Task requirements => Write out the whole listing below exactly, skipping each picture.

Data section =>
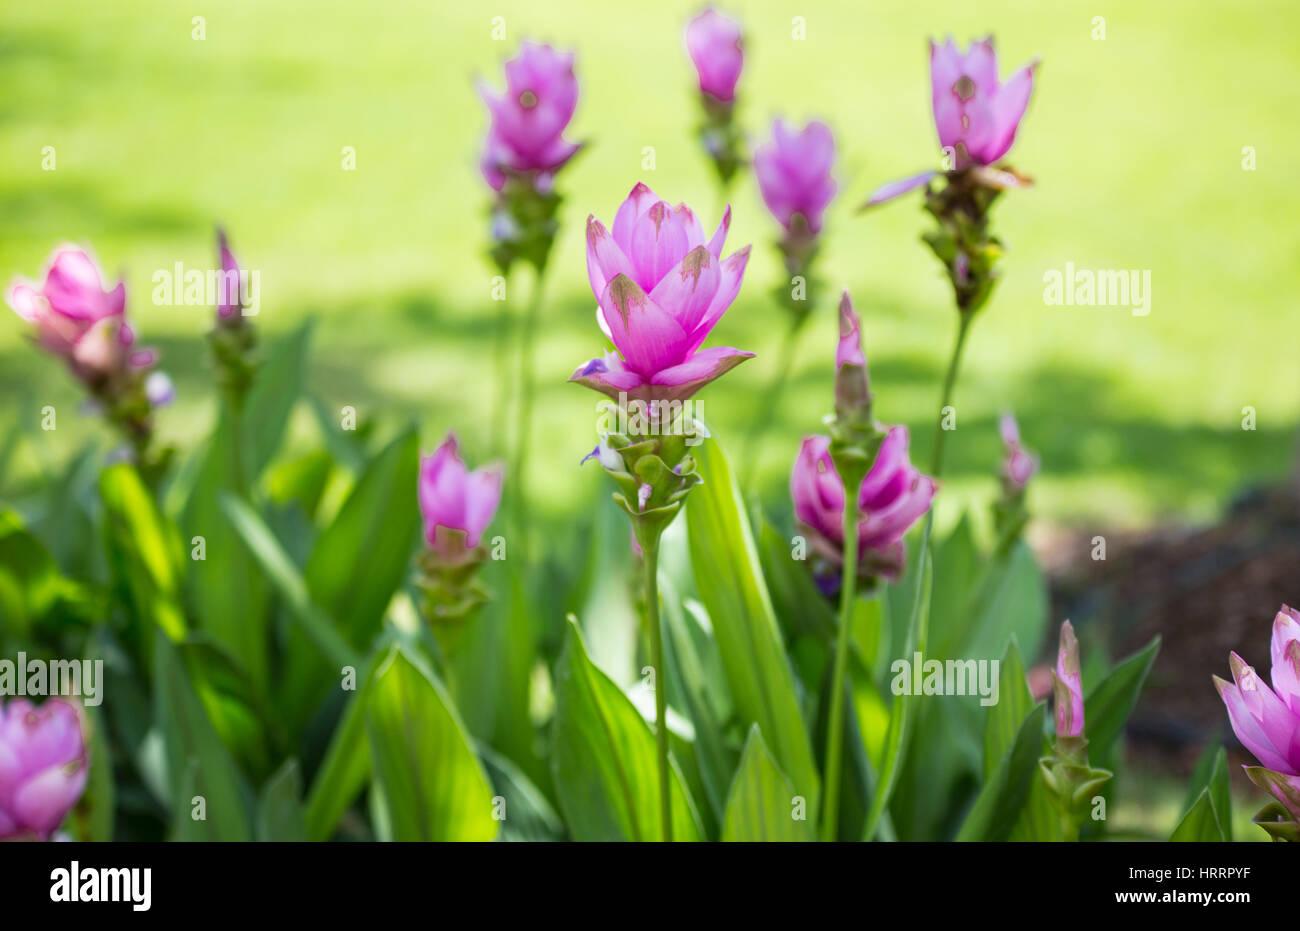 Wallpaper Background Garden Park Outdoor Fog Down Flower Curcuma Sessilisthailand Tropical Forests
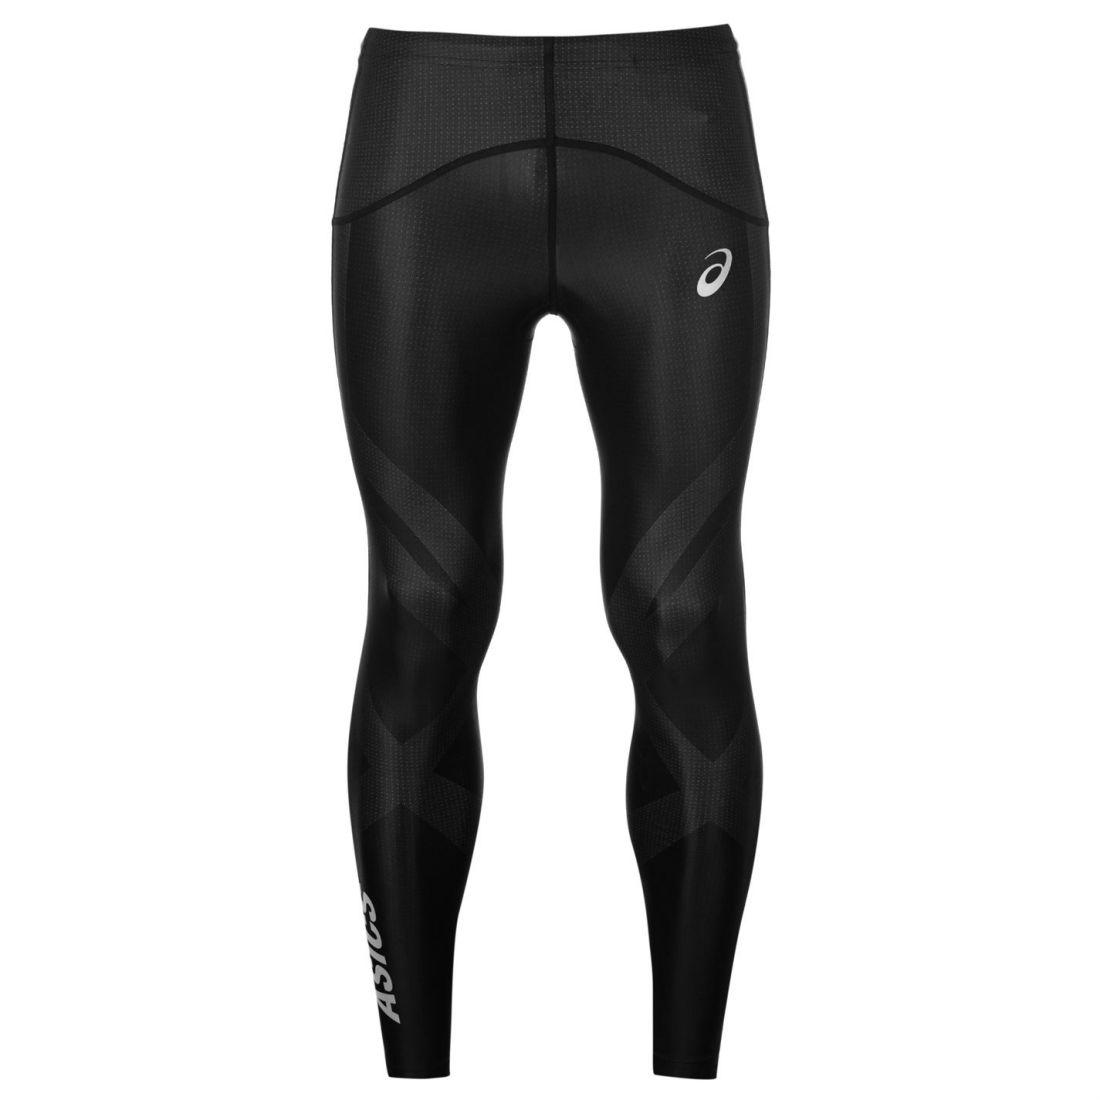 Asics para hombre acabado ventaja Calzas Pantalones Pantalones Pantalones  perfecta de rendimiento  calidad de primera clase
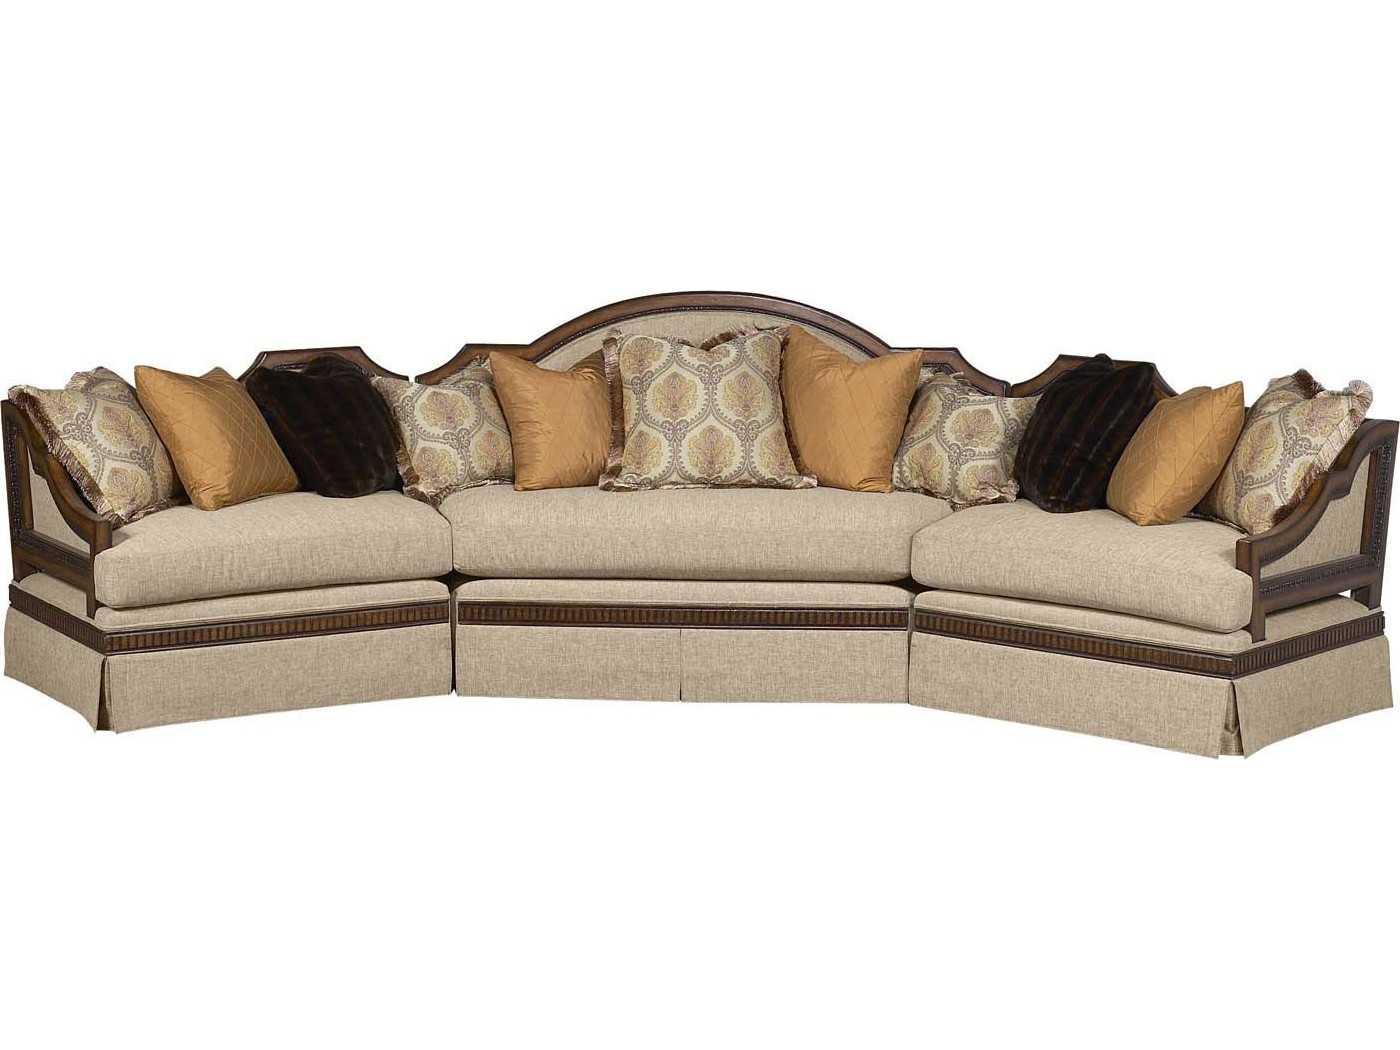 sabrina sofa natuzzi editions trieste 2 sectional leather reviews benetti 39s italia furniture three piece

Result for this task =>
 Wallpaper Background Garden Park Outdoor Fog Down Flower Curcuma Sessilisthailand Tropical Forests
 Asics para hombre acabado ventaja Calzas Pantalones Pantalones Pantalones  perfecta de rendimiento  calidad de primera clase
 sabrina sofa natuzzi editions trieste 2 sectional leather reviews benetti 39s italia furniture three piece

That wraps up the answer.